I encountered the Westboro Baptist Church on several other occasions, when they came to protest here in Los Angeles at several synagogues and schools. And of course I read with disgust as they protested the funerals of everyone from Matthew Shepard to the heroes of our military who died in service of our country.

But now he is dead. He had been excommunicated from the church he founded, cut off from many of his children and grandchildren. Stories are swirling about the power struggle to control his church.

But in many ways the Westboro Baptist Church's open and raw display of hatred of gays and lesbians and their deep-seated anti-Semitism exposed to the world how easily one can succumb to extremism. The Phelps family protesters became caricatures of themselves. They protested military funerals because they believed that God hated America for its embrace of gays and Jews. They protested at the funerals of the victims of the Boston Marathon bombing, saying that Boston deserved it: "Here's a hint -- GOD SENT THE BOMBS! How many more terrifying ways will you have the LORD injure and kill your fellow countrymen because you insist on nation-dooming filthy fag marriage?!" They protested at the funerals of the victims of the shooting in Tuscon, where Rep. Gabby Giffords was injured, and at the funerals of the young victims of the massacre at Newtown, Ct., claiming that the victims deserved it for the nation's sins.
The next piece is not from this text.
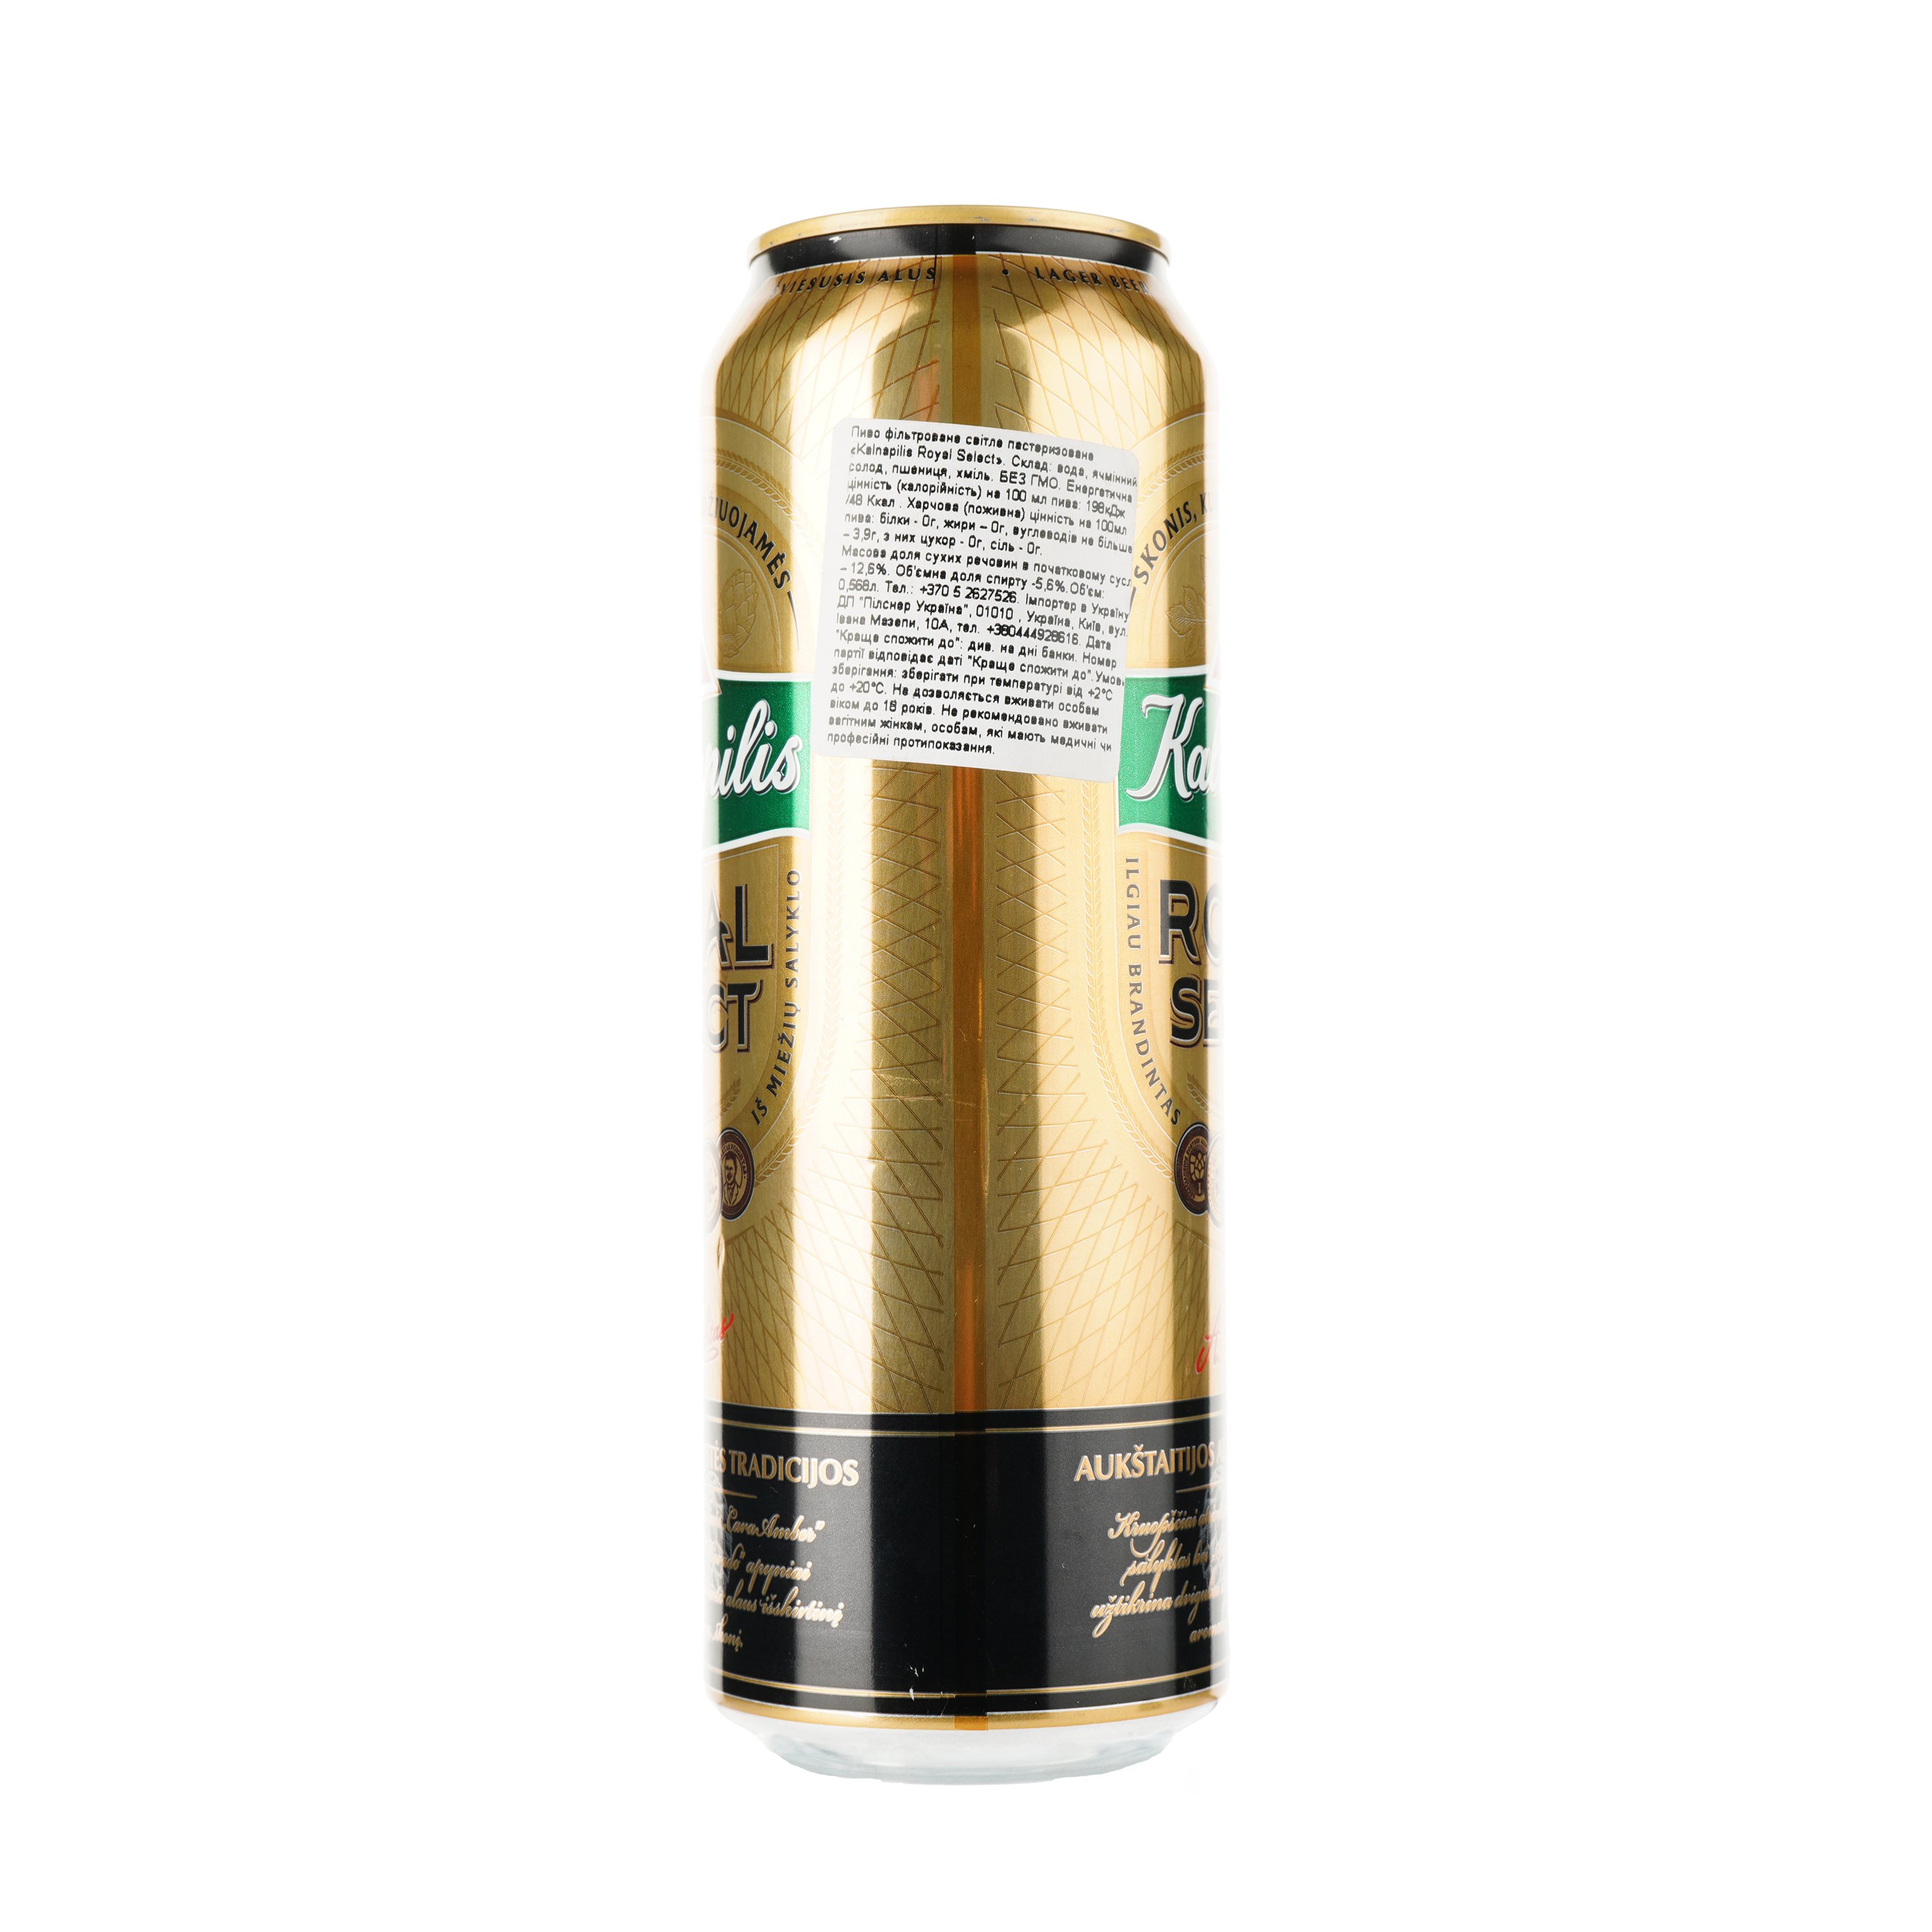 Пиво Kalnapilis Royal Select светлое, 5.6%, ж/б, 0.568 л - фото 2

The family of Fred Phelps, members of the Westboro Baptist Church, took hatred into new and twisted heights. There was no compassion in their hearts for the pain and grief that they heaped on top of the pain and grief and loss that were already being felt in each of these cases. They would send out media alerts that they were going to protest funerals of celebrities to try to bring attention to their extreme form of so-called Christian fundamentalism. His hatred was based in a vision of the apocalypse.

But the media attention instead showed the world the humanity of those they protested. This included the humanity of gay men and lesbians.
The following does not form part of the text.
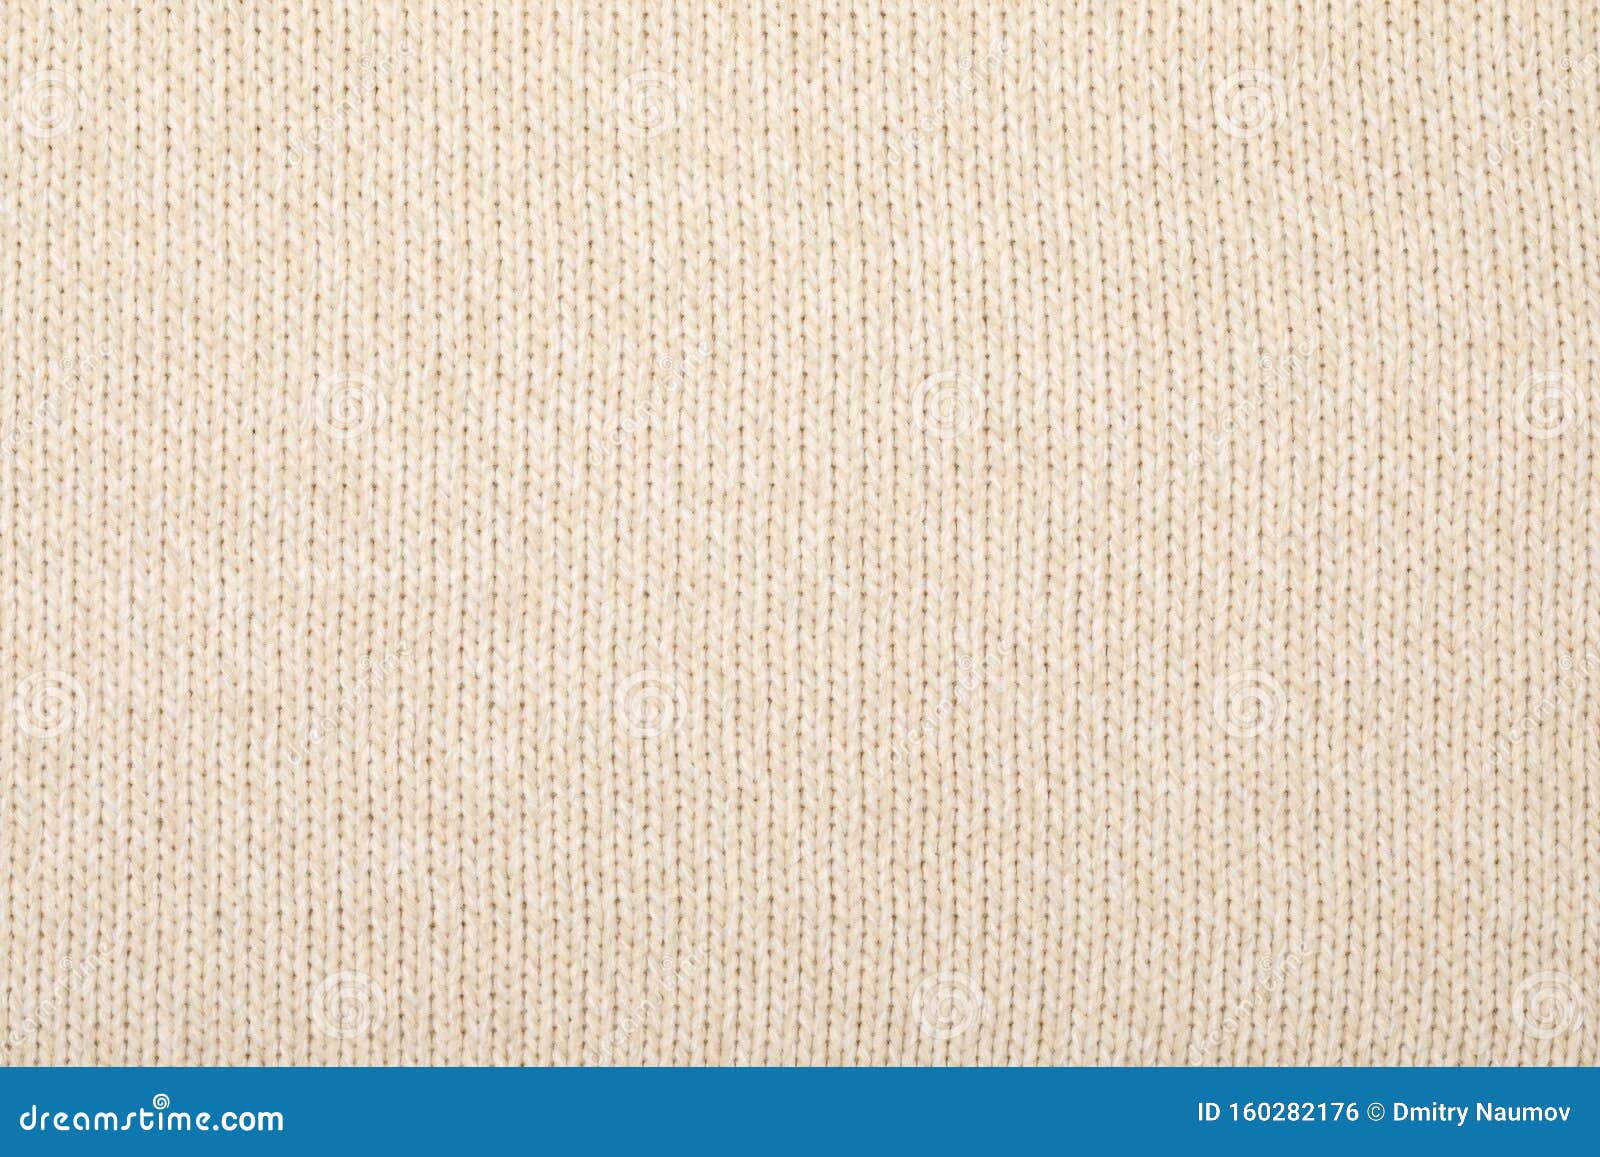 Beige Melange Knitting Fabric Textured Background Stock Photo

I am sure that as Fred Phelps meets his Maker, he will have to account for his sins. Perhaps today he has to account for his stone-cold heart of hate that so infected his own children that they turned their hearts away from him. In Jewish tradition, when we learn of someone's death, we recite, "Baruch Atah Adonai, Dayan HaEmet" -- "Blessed are You, Adonai, the Truthful Judge." The Judge of All will judge Fred Phelps and his actions and his life. His soul will have to answer to how he lived out the Commandment to "love your neighbor as yourself."

I cannot judge a person. But I know the difference between compassion and hatred, hospitality and hostility. I learned them from them story of Sodom and Gomorrah in the book of Genesis. Too bad Fred Phelps didn't understand that Sodom was condemned not for sodomy or homosexuality but for the sin of inhospitality and hostility to strangers. They had to answer too. Now it's Fred Phelps' turn.